Reactions: Thank You! 1


----------



## manbuckwal (Aug 18, 2015)

Top notch ! Looks like you are livin the dream

Reactions: Thank You! 1


----------



## therichinc (Aug 18, 2015)

@Foot Patrol - Scott when you coming into town again? You need to stop by and chat for a bit.

Thanks for all the kind words guys. I am certainly trying both in the knifemaking and the fishing world haha.


----------



## Foot Patrol (Aug 18, 2015)

Rich we were up this weekend to cut trails and fill feeders. I will probably be back up labor day weekend. I need to set up a few pop up blinds, move a tripod and plant food plots. I will make time to stop by.

Scott

Reactions: Like 1


----------



## JR Custom Calls (Aug 18, 2015)

Can I be your friend? Please? The kind of friend you take fishing and stuff...

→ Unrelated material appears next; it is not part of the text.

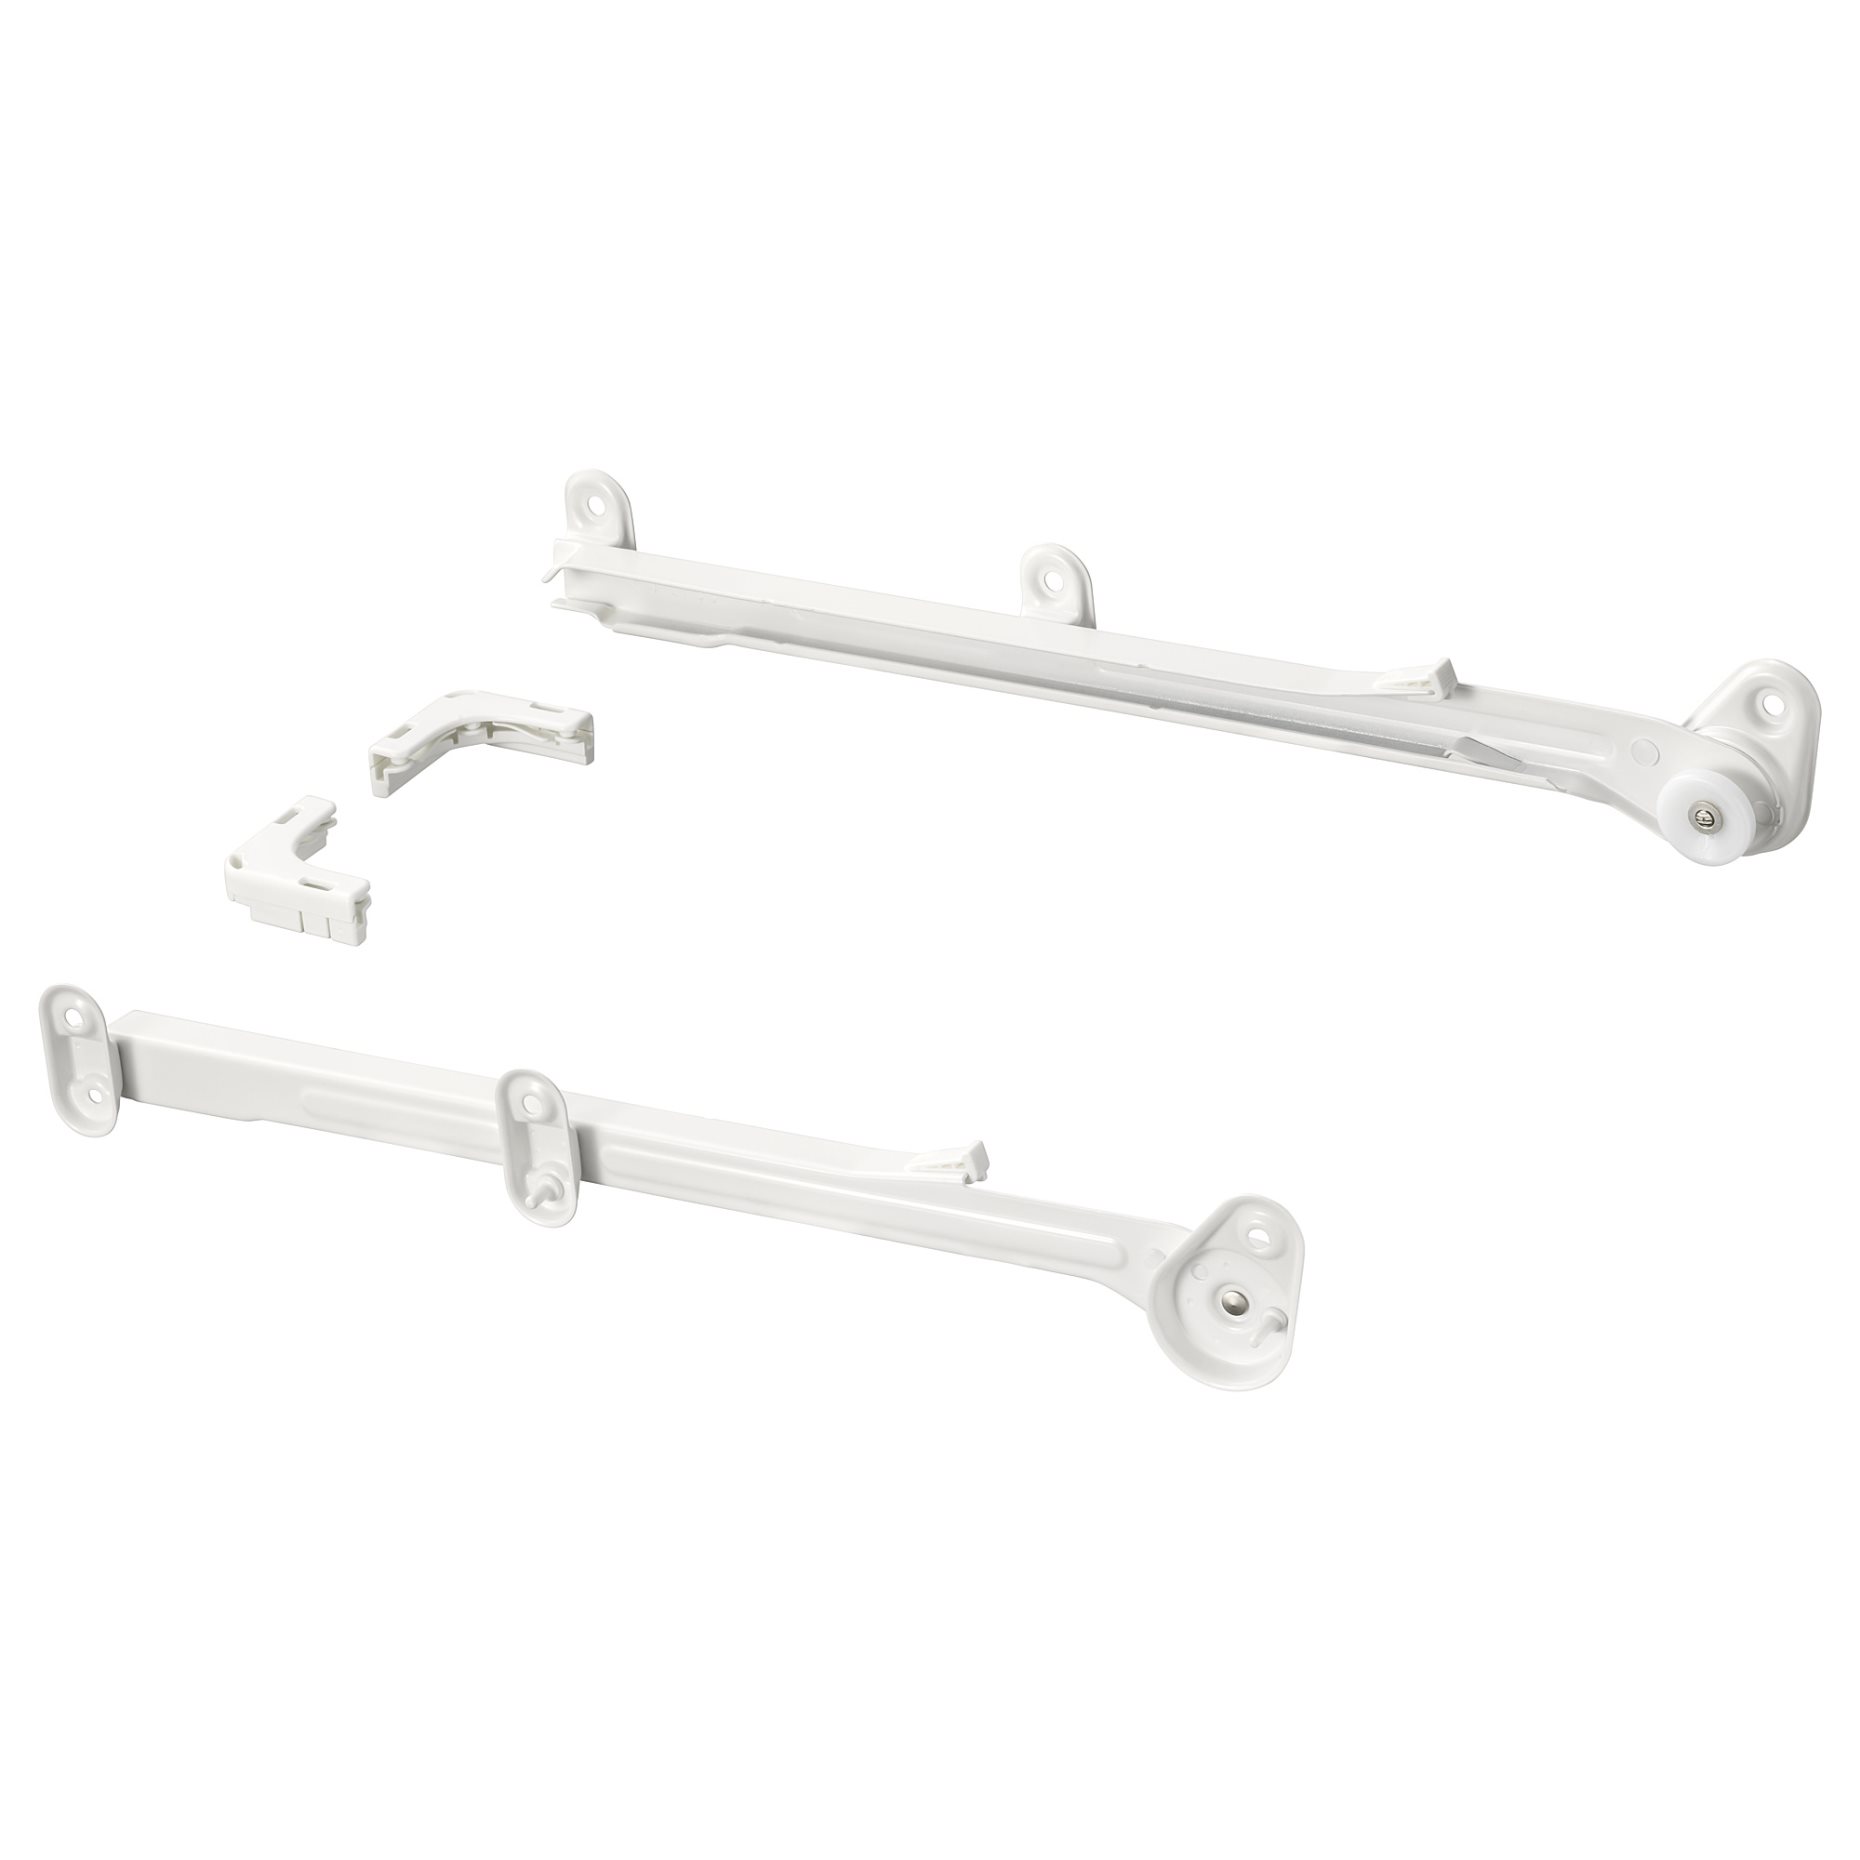 HJALPA, pull-out rail for baskets, 303.311.93

Reactions: Like 1 | Funny 1


----------



## therichinc (Aug 18, 2015)

@JR Custom Calls - I fished Pickwick lake last October for the Regionals in the FLW series I fish. Was a good time and kinda close to your neck of the woods. This year its on Lake of the Ozarks in Missouri Ill be there for a week or so in October again. But yea if your ever in East Texas hit me up haha


----------



## JR Custom Calls (Aug 19, 2015)

I'm surprised you don't fish Ky and Barkley Lakes... they're always referred to when people talk bass. But, I've never been fishing in either since I don't have a boat.


----------



## Nature Man (Aug 19, 2015)

Sleek looking knives! Leatherwork is great, also. Chuck

Reactions: Thank You! 1


----------



## therichinc (Aug 19, 2015)

@JR Custom Calls - main reason is I live 13-16hours away from those places haha. I have 2 lakes within 20 minutes of my house that are in the top 5 in the Nation as far as bass fishing goes, and another 2 within 3 hours that are in the top 10..Most of my travels come when I qualify for regional or divisional championships.


----------



## indonesianwood (Aug 19, 2015)

Awesome knife.
Thats third knife design stole my eyes.

Reactions: Thank You! 1


----------



## therichinc (Aug 19, 2015)

@indonesianwood - I like that design a lot, one of my favorites.


----------